The exact method used to calculate these subkeys will be described later.

Encryption:
Blowfish is a Feistel network consisting of 16 rounds. The input is a 64-bit data element, x.

1. Divide x into two 32-bit halves: xL, xR
   
2. For i = 1 to 16:
   
3. xL = xL XOR Pi
   
4. xR = F(xL) XOR xR
   
5. Swap xL and xR
   
6. Swap xL and xR (Undo the last swap.)
   
7. xR = xR XOR P17
   
8. xL = xL XOR P18
   
9. Recombine xL and xR
   
10. Function F:
    
11. Divide xL into four eight-bit quarters: a, b, c, and d
    
12. F(xL) = ((S1,a + S2,b mod 232) XOR S3,c) + S4,d mod 232
    

Decryption is exactly the same as encryption, except that P1, P2,..., P18 are used in the reverse order.

Generating the Subkeys:
The subkeys are calculated using the Blowfish algorithm. The exact method is as follows:

1. Initialize first the P-array and then the four S-boxes, in order, with a fixed string. This string consists of the hexadecimal digits of pi (less the initial 3). For example:
   
   P1 = 0x243f6a88
   P2 = 0x85a308d3
   P3 = 0x13198a2e
   P4 = 0x03707344
   
   
2. XOR P1 with the first 32 bits of the key, XOR P2 with the second 32-bits of the key, and so on for all bits of the key (possibly up to P14).
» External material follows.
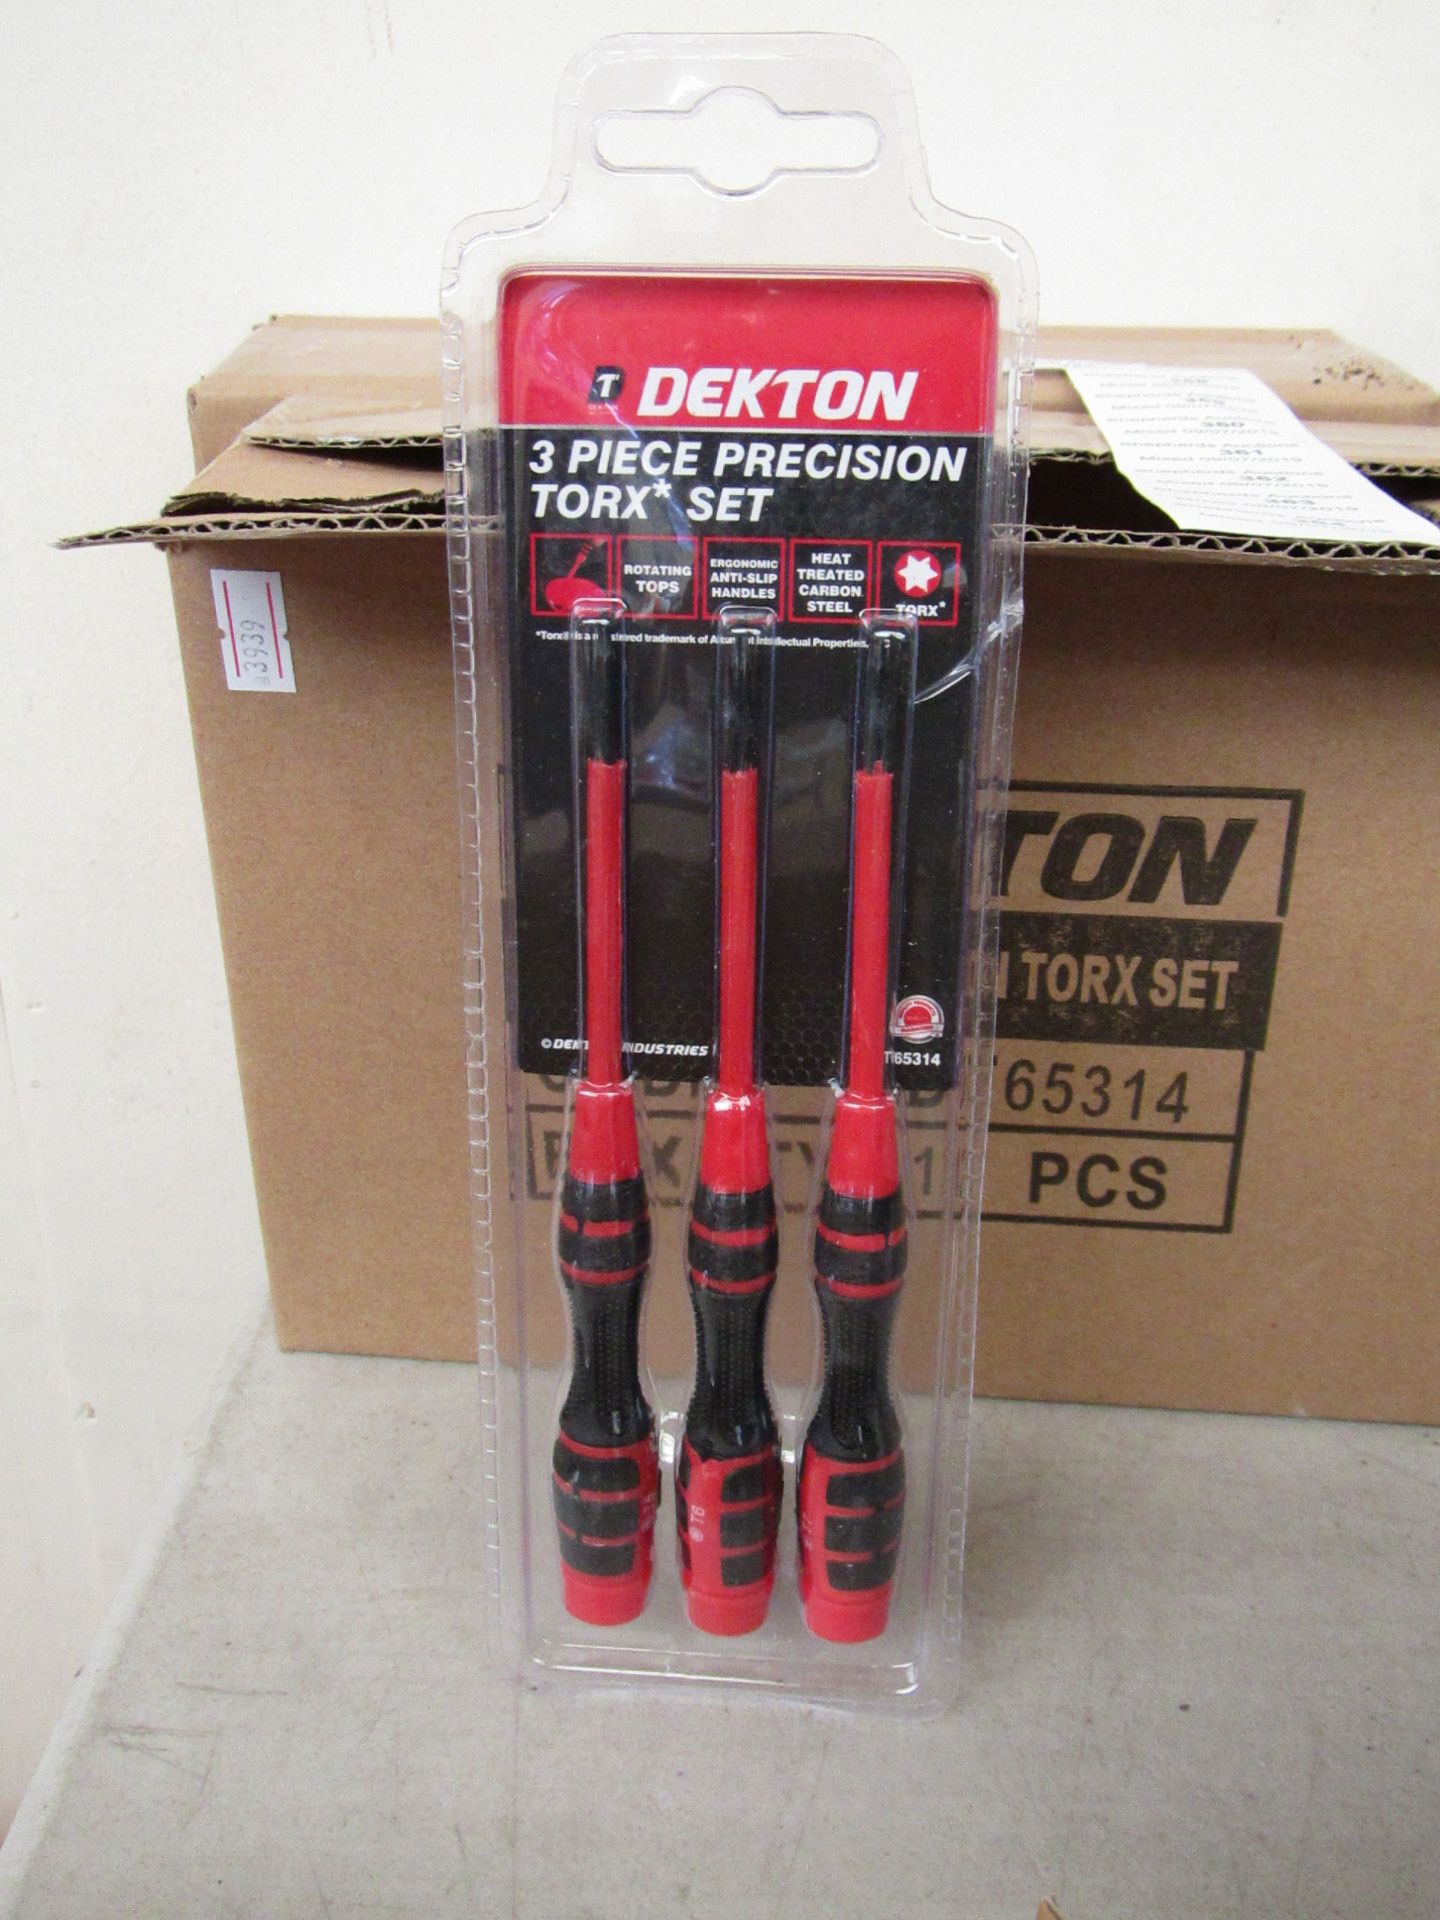 Dekton 3 piece precision torx set, new and boxed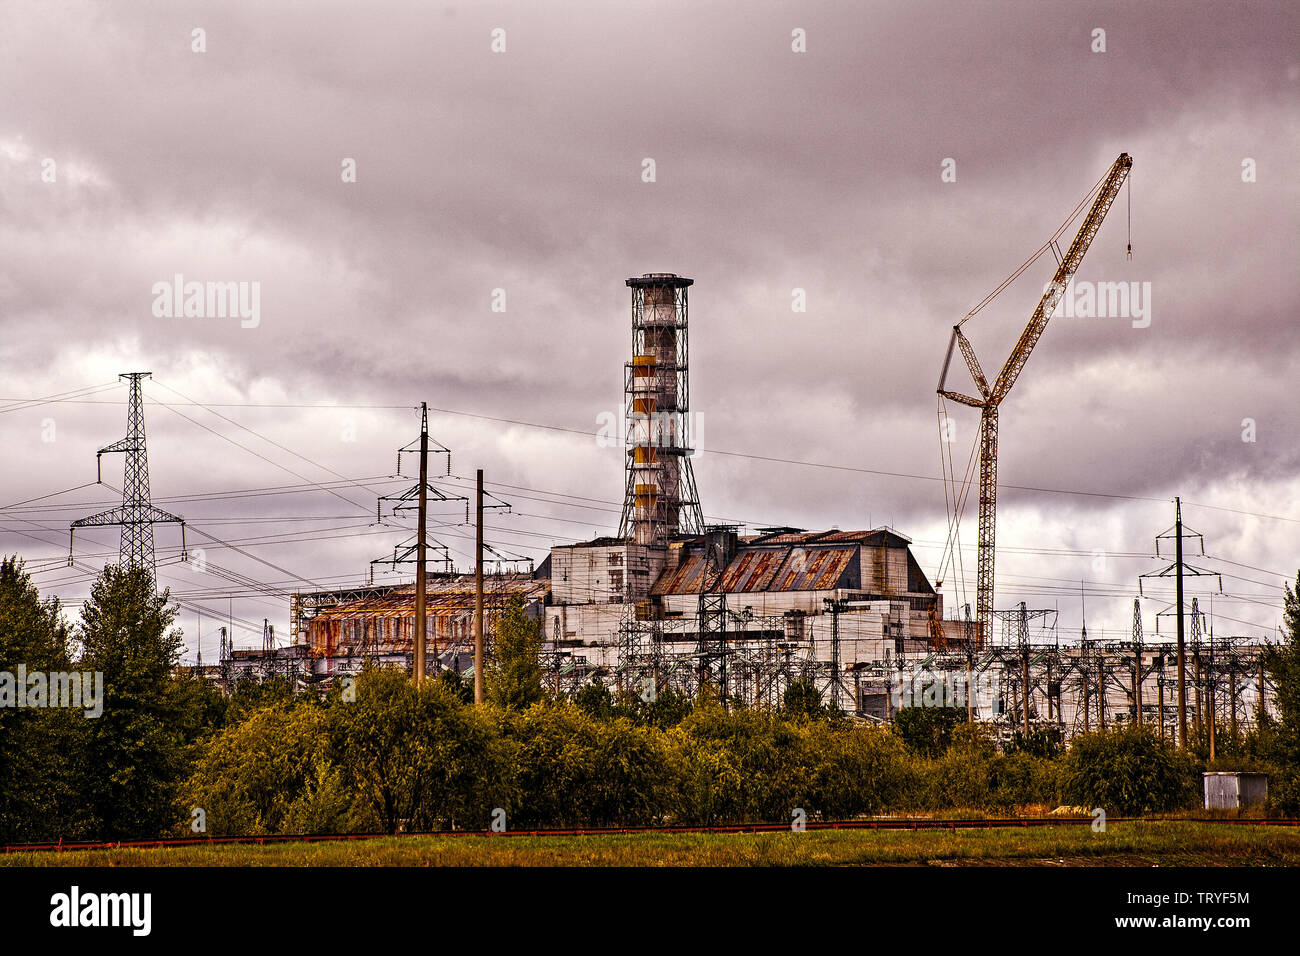 Chernobyl, Pripryat ucraina. Si tratta di un reattore 4, il reattore che ha preso fuoco e ha provocato l'incidente nucleare di Chernobyl fatti un nome familiare, e in definitiva ha causato la caduta del muro di Berlino. Si trova sul fiume Pripryat, che è stata usata per raffreddare il nucleo. Si tratta di uno dei sei reattori tutti vicini tra loro. La centrale nucleare di Cernobyl è a nord di Ucraina, molto vicino al confine con la Bielorussia. Chernobyl stessa è stata superata in dimensioni e importanza del nuovo Atomic City di Pripryat, ad appena un paio di Kilomteres da questo reattore. Foto Stock

Repeatedly cycle through the key bits until the entire P-array has been XORed with key bits. (For every short key, there is at least one equivalent longer key; for example, if A is a 64-bit key, then AA, AAA, etc., are equivalent keys.)
   
   
3. Encrypt the all-zero string with the Blowfish algorithm, using the subkeys described in steps (1) and (2).
   
4. Replace P1 and P2 with the output of step (3).
   
5. Encrypt the output of step (3) using the Blowfish algorithm with the modified subkeys.
   
6. Replace P3 and P4 with the output of step (5).
   
7. Continue the process, replacing all entries of the P-array, and then all four S-boxes in order, with the output of the continuously-changing Blowfish algorithm.
   

In total, 521 iterations are required to generate all required subkeys. Applications can store the subkeys rather than execute this derivation process multiple times.